The State Of Corporate Governance
The net is we go through economic cycles of excess and then corrective phases where the excess is removed from the system. That excess is not simply reflected in overpriced stocks but is also reflected in our lifestyles, our ability to assume more risk, our appetite for taking on more debt and our ability to let certain behavior slide. This options scandal is a reflection of the go-go 90's when we were in the final phases of a tremendously positive economic cycle. CEO behavior at the end of this cycle was full of excesses and now the general public wants a pound of flesh for losing money, losing confidence and seeing the type of inexcusable extravagance which took place.
I believe corporate governance is in need of a major overhaul. To say that CEOs can benefit from options granted before announcement of news is absolutely the same thing as insider information. It is an illegal and unfair advantage given to an investor. Option grants to a CEO are no different than me purchasing options with unfairly gained information. In such a situation, I would be accountable to the laws surrounding insider information so why isn't a CEO or the CEO compensation committee held to the same law? It is also no different than a CEO dumping shares before bad news gained by simply being the CEO and we all clearly understand this is illegal. The bottom line is these are all forms of investment and CEOs should be held to the same level of accountability as all investors. Now, if the laws are unclear, let's make them clear and make those CEO's give their entire booty back to the corporations of options granted under such methods.
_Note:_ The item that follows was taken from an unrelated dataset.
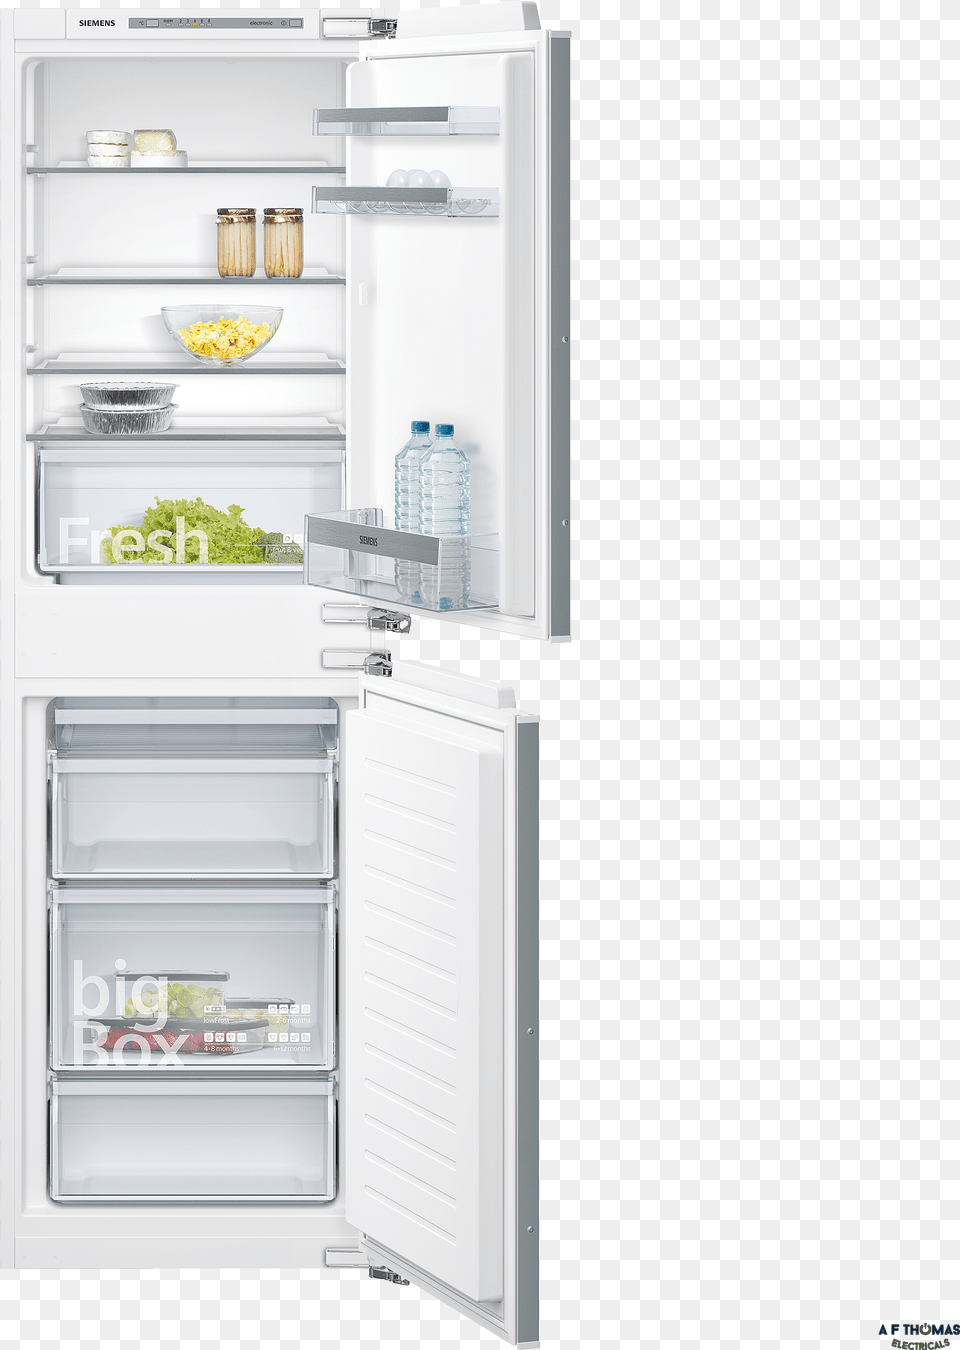 Siemens Ki85vvf30g Built In Fridge Freezer, Appliance, Device, Electrical Device, Refrigerator Free Transparent Png

This type of behavior along with all of the "foot noting" of corporate details needs to end. All investors absolutely need more transparency into the dealings of the CEO compensation packages, financial shenanigans of companies and independence of boards.
I am most terribly disappointed at the chummy nature of the typical CEO/Board relationship. We need a new way of nominating and electing board members as well as holding them accountable because right now the majority are simply a rubber stamp for the CEO and, likely, were nominated at the request of the CEO because he/she knew that person would support the CEO's agenda. Being a board member should be taken with more seriousness. Improved oversight and shareholder rights would help to focus many of these members with their fiduciary responsibility.
I want an independent thinking board which will question where necessary and challenge when appropriate. And, if the CEO is not performing, I want the board to put together an improvement plan, which, if not met, means the CEO is removed in a timely fashion. Receiving a large stipend for an honorary rubber stamping position is not in the best interest of shareholders, employees or customers.
More direct involvement by shareholder rights laws would clean up alot of this foolishness. Enron was allowed to happen because of the lack of transparency. GM has gone from a million employees in the
And, while we are at it, how about a few changes I would like to see. Let's make any stock or option grants to CEOs exercisable only when they leave and have achieved the outlined performance measurements. There's another pet peeve of mine as well. It's being positively compensated for cutting tens of thousands of jobs. A CEO has a mandate of shareholder return and to their employees. There is seldom any strategy which does not encompass both and is long term positive. I'm tired of CEOs being positively compensated for failed policies resulting in massive layoffs. And make no mistake about it. Wholesale layoffs, while cheered on Wall Street, is nothing more than an admission that current CEO performance is a failure. These policies would allow a CEO to be compensated by their cumulative performance, not the sentiment of the moment on Wall Street.